#### Given records ####

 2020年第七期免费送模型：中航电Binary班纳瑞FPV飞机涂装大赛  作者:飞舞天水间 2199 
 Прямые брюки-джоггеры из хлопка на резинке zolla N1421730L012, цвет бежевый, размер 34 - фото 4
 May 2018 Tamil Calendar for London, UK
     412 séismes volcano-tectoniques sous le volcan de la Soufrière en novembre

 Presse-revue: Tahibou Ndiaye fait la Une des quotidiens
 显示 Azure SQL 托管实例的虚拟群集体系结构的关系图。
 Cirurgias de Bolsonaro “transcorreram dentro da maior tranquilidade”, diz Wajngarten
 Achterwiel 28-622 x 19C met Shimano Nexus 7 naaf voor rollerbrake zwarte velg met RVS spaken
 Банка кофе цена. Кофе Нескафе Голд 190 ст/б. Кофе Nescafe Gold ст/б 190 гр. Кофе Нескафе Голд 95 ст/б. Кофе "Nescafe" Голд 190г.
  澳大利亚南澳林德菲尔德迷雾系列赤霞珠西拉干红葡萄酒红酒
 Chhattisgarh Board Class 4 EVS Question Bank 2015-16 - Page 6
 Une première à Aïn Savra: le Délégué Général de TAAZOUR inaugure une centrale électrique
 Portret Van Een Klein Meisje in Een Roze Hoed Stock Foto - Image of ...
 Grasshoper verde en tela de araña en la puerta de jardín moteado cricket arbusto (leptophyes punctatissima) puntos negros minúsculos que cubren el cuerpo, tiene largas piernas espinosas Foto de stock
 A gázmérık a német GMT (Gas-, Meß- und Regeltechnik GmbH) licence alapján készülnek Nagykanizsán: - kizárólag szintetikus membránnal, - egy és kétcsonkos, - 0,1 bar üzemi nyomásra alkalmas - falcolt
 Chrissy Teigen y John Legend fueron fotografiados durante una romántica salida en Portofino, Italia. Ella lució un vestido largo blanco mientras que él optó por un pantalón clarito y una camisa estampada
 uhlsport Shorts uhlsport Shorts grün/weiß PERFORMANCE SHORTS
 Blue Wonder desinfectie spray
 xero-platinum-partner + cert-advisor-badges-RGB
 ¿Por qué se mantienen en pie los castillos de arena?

####

* [Exercise goal]: The lines from the one with "Presse-revue: Tahibou Ndiaye" through the end of the data above are to be set down exactly, with both boundary lines included and no other lines.

* [Answer for this exercise]:
 Presse-revue: Tahibou Ndiaye fait la Une des quotidiens
 显示 Azure SQL 托管实例的虚拟群集体系结构的关系图。
 Cirurgias de Bolsonaro “transcorreram dentro da maior tranquilidade”, diz Wajngarten
 Achterwiel 28-622 x 19C met Shimano Nexus 7 naaf voor rollerbrake zwarte velg met RVS spaken
 Банка кофе цена. Кофе Нескафе Голд 190 ст/б. Кофе Nescafe Gold ст/б 190 гр. Кофе Нескафе Голд 95 ст/б. Кофе "Nescafe" Голд 190г.
  澳大利亚南澳林德菲尔德迷雾系列赤霞珠西拉干红葡萄酒红酒
 Chhattisgarh Board Class 4 EVS Question Bank 2015-16 - Page 6
 Une première à Aïn Savra: le Délégué Général de TAAZOUR inaugure une centrale électrique
 Portret Van Een Klein Meisje in Een Roze Hoed Stock Foto - Image of ...
 Grasshoper verde en tela de araña en la puerta de jardín moteado cricket arbusto (leptophyes punctatissima) puntos negros minúsculos que cubren el cuerpo, tiene largas piernas espinosas Foto de stock
 A gázmérık a német GMT (Gas-, Meß- und Regeltechnik GmbH) licence alapján készülnek Nagykanizsán: - kizárólag szintetikus membránnal, - egy és kétcsonkos, - 0,1 bar üzemi nyomásra alkalmas - falcolt
 Chrissy Teigen y John Legend fueron fotografiados durante una romántica salida en Portofino, Italia. Ella lució un vestido largo blanco mientras que él optó por un pantalón clarito y una camisa estampada
 uhlsport Shorts uhlsport Shorts grün/weiß PERFORMANCE SHORTS
 Blue Wonder desinfectie spray
 xero-platinum-partner + cert-advisor-badges-RGB
 ¿Por qué se mantienen en pie los castillos de arena?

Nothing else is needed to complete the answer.